# Anyone have pics...



## koshimaro (Jun 28, 2002)

Of a b13 coilover, or spring install?
something that I could follow to aid in installing springs?
any help is appreciated
thanks1! :thumbup:


----------



## whitelightening (Apr 14, 2004)

*pics*



koshimaro said:


> Of a b13 coilover, or spring install?
> something that I could follow to aid in installing springs?
> any help is appreciated
> thanks1! :thumbup:


look on www.floridasr20s.com they have the install on there


----------



## koshimaro (Jun 28, 2002)

thanks man!


----------



## new94 (Jan 9, 2004)

i just had my back strut's replaced the hardest part was getting the brake line's off without breaking one, and check your sway bar end links while your at it mine need replacing soon.

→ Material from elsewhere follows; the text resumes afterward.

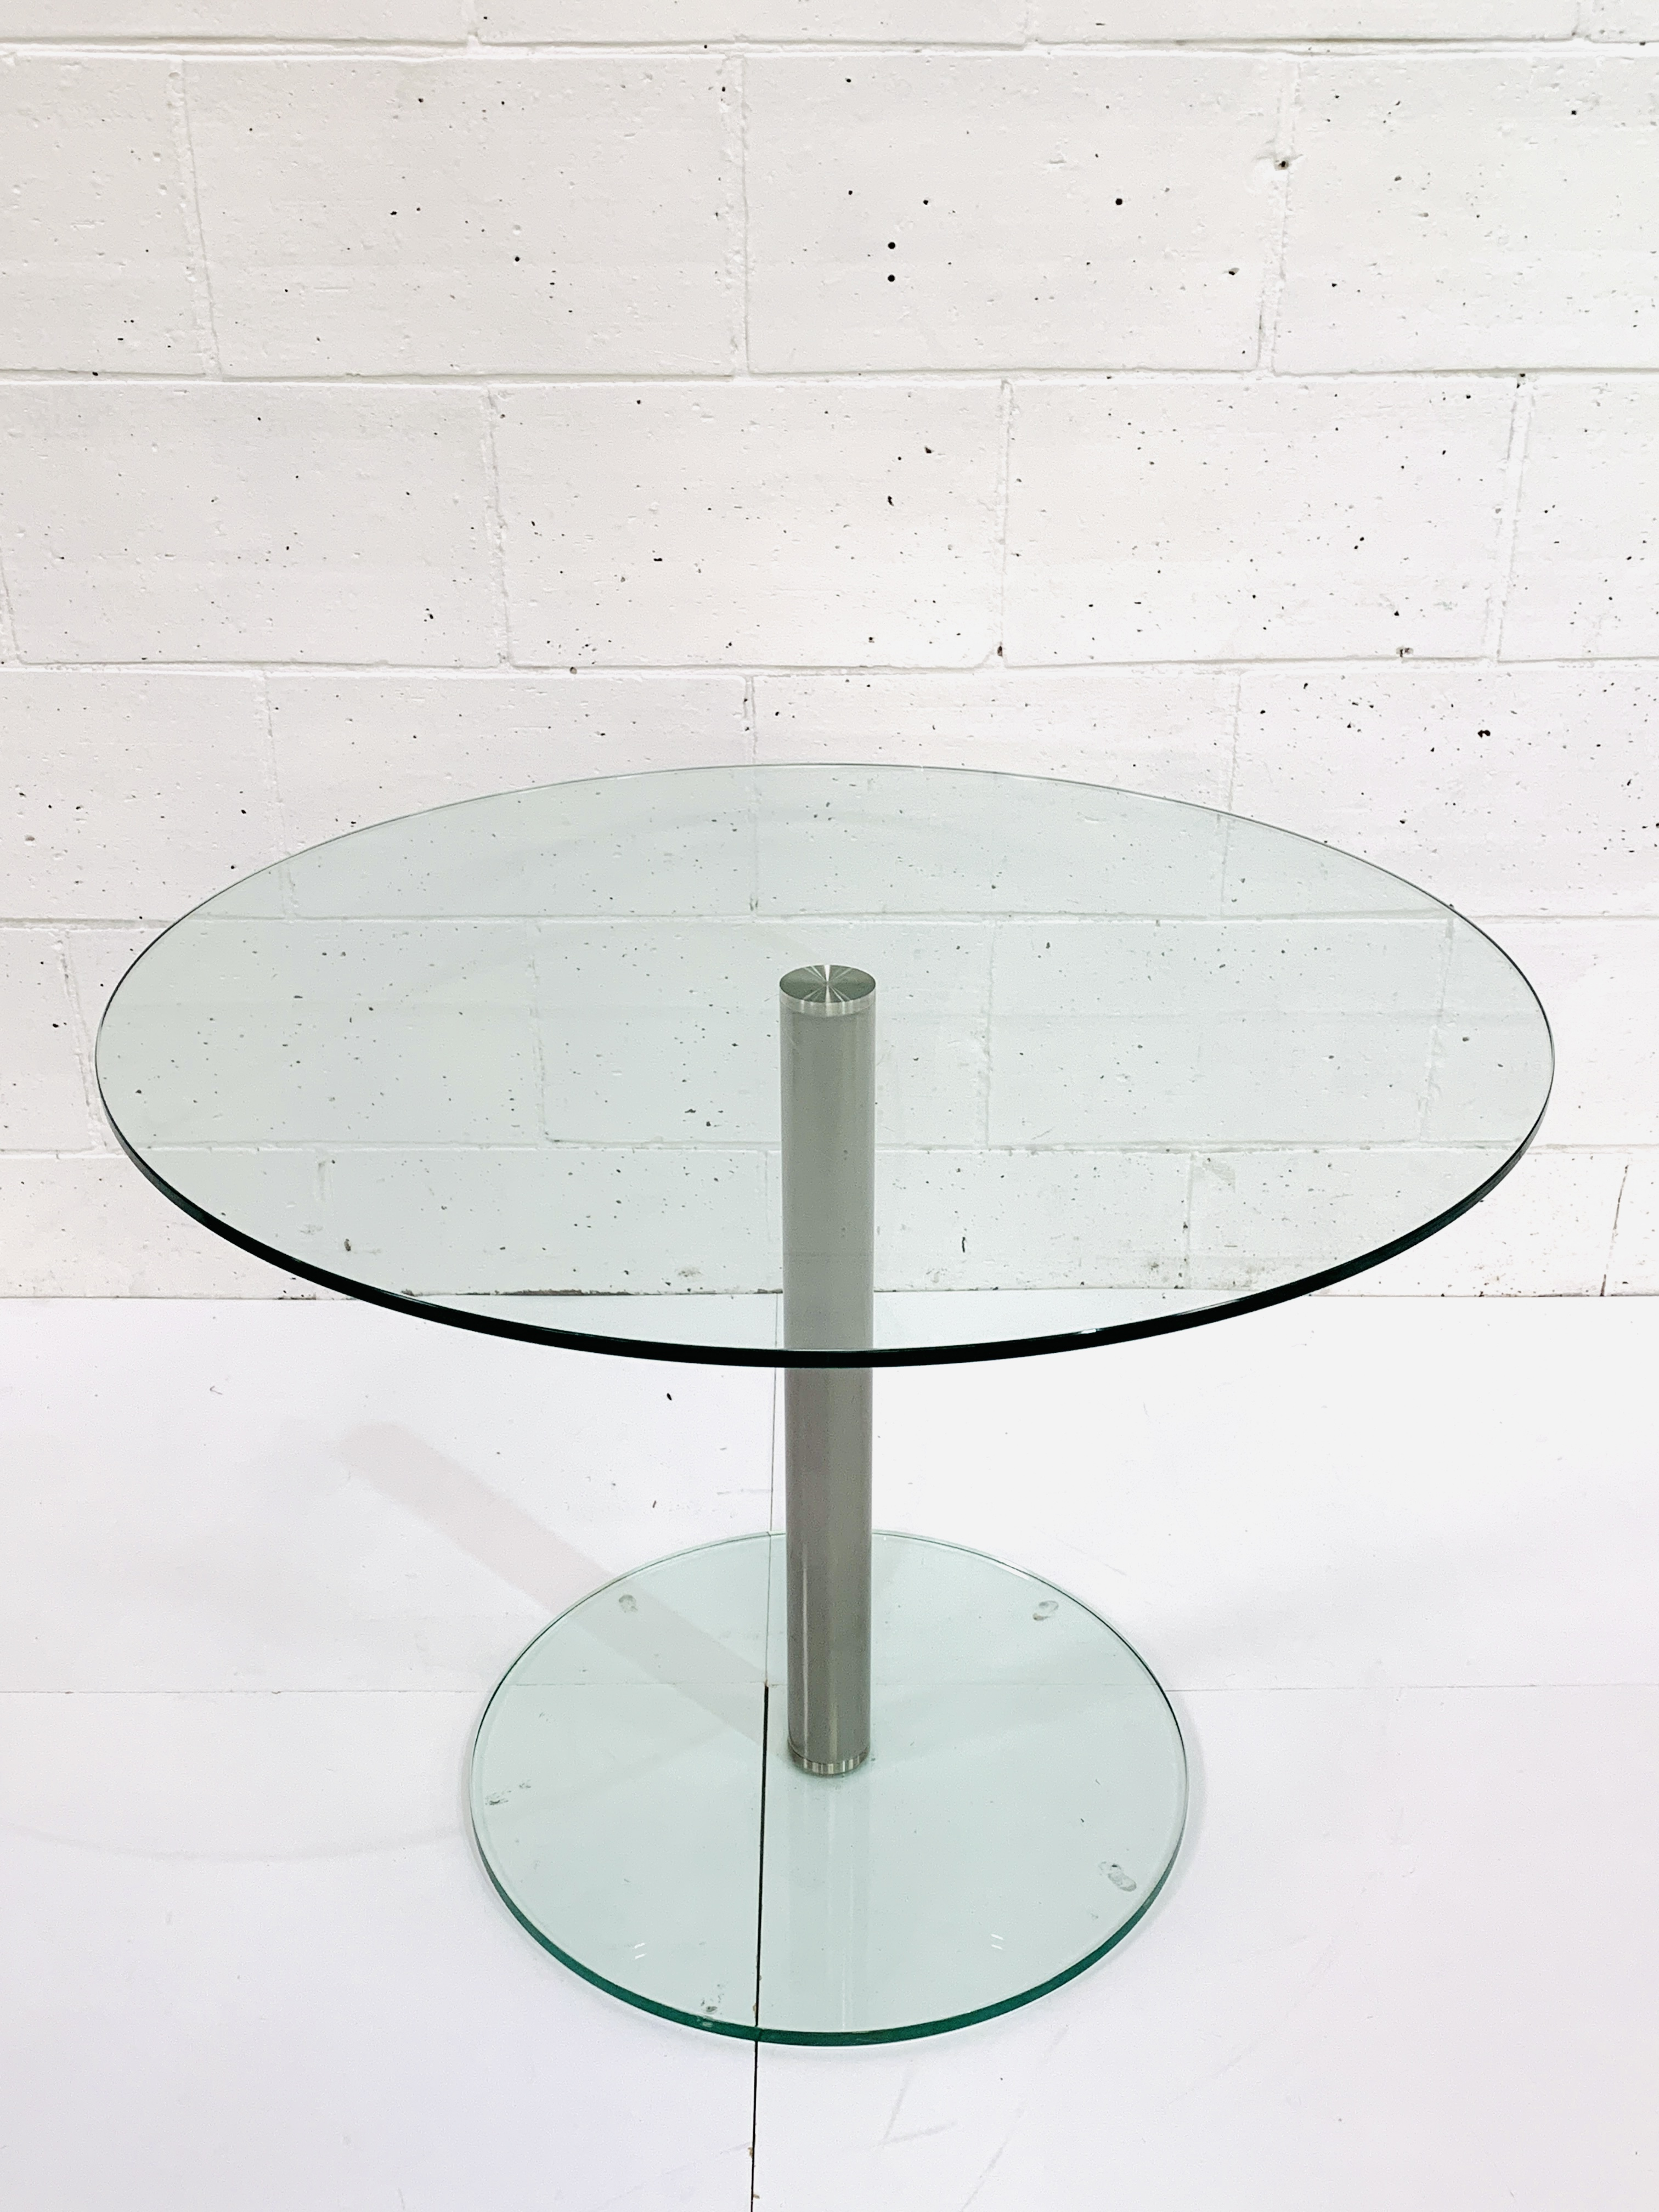 Circular glass top table - Image 2 of 3

You'll also need the coil tool if your strut's aren't fully assembled.


----------



## b14bluebird (Apr 15, 2004)

can anyone see a b13 ser for sale please email ([email protected] 
thanks


----------



## koshimaro (Jun 28, 2002)

so, can i keep my stock struts with my coilovers?


----------



## ReVerm (Jan 13, 2003)

koshimaro said:


> so, can i keep my stock struts with my coilovers?


No.


----------



## koshimaro (Jun 28, 2002)

ReVerm said:


> No.


you serious  

okay i have my coilovers, so what else would i need to install them?


----------



## ReVerm (Jan 13, 2003)

koshimaro said:


> you serious
> 
> okay i have my coilovers, so what else would i need to install them?

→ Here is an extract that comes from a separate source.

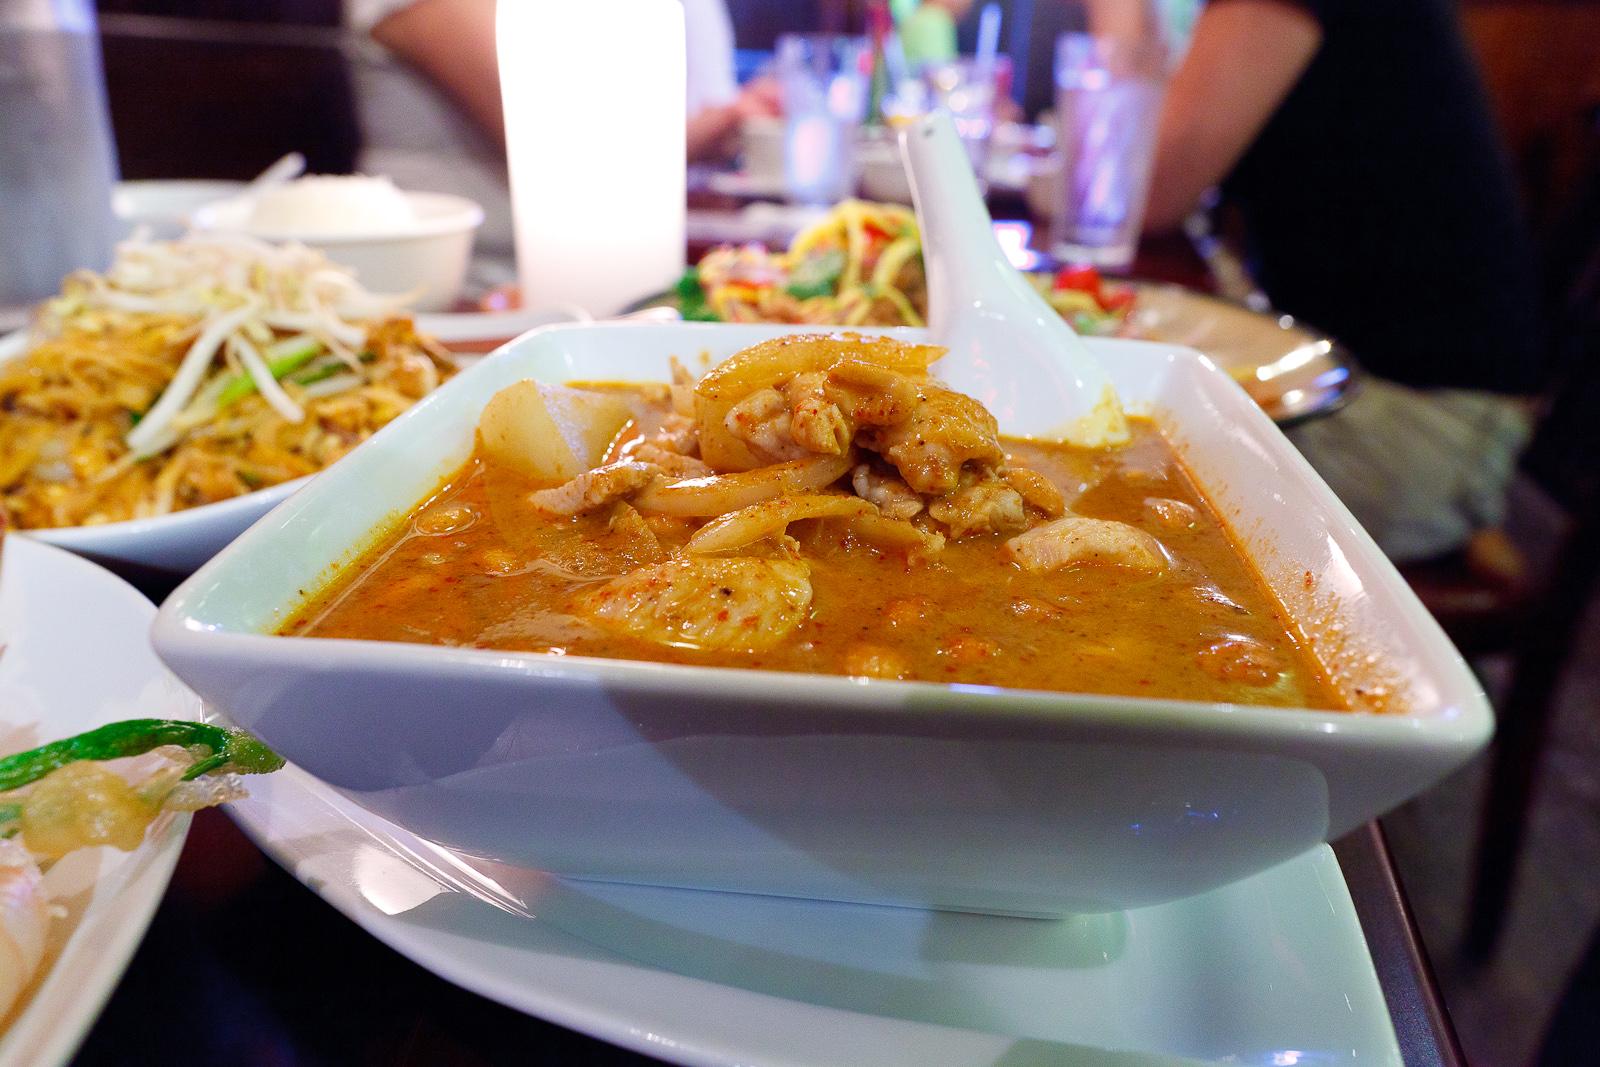 Massaman curry with chicken, onion, potato, and peanut in coconut milk ($9)

Unless your coilovers have the same spring rate and free length as the stock spring, you will need to upgrade your dampers (shocks & struts). What are the spring rates of your coilovers?


----------



## koshimaro (Jun 28, 2002)

i couldnt tell you, they are a set of those ebay springs :thumbdwn:


----------



## ReVerm (Jan 13, 2003)

koshimaro said:


> i couldnt tell you, they are a set of those ebay springs :thumbdwn:


That's unfortunate. A lot of those eBay springs apparently come with spring rates in the neighborhood of 300lbs/in, so you're going to need to spend a fair amount of money just to get dampers that will give you half decent handling and be able to sustain the increased spring rate. You're looking at KYB AGX's and the like. If you put them on your stock shocks/struts, you'll blow them out in a few months.

Yes, I know it's a lot more expensive than you wanted it to be. That's why you got eBay coils in the first place. But that's the price you pay for going cheap. Sorry.


----------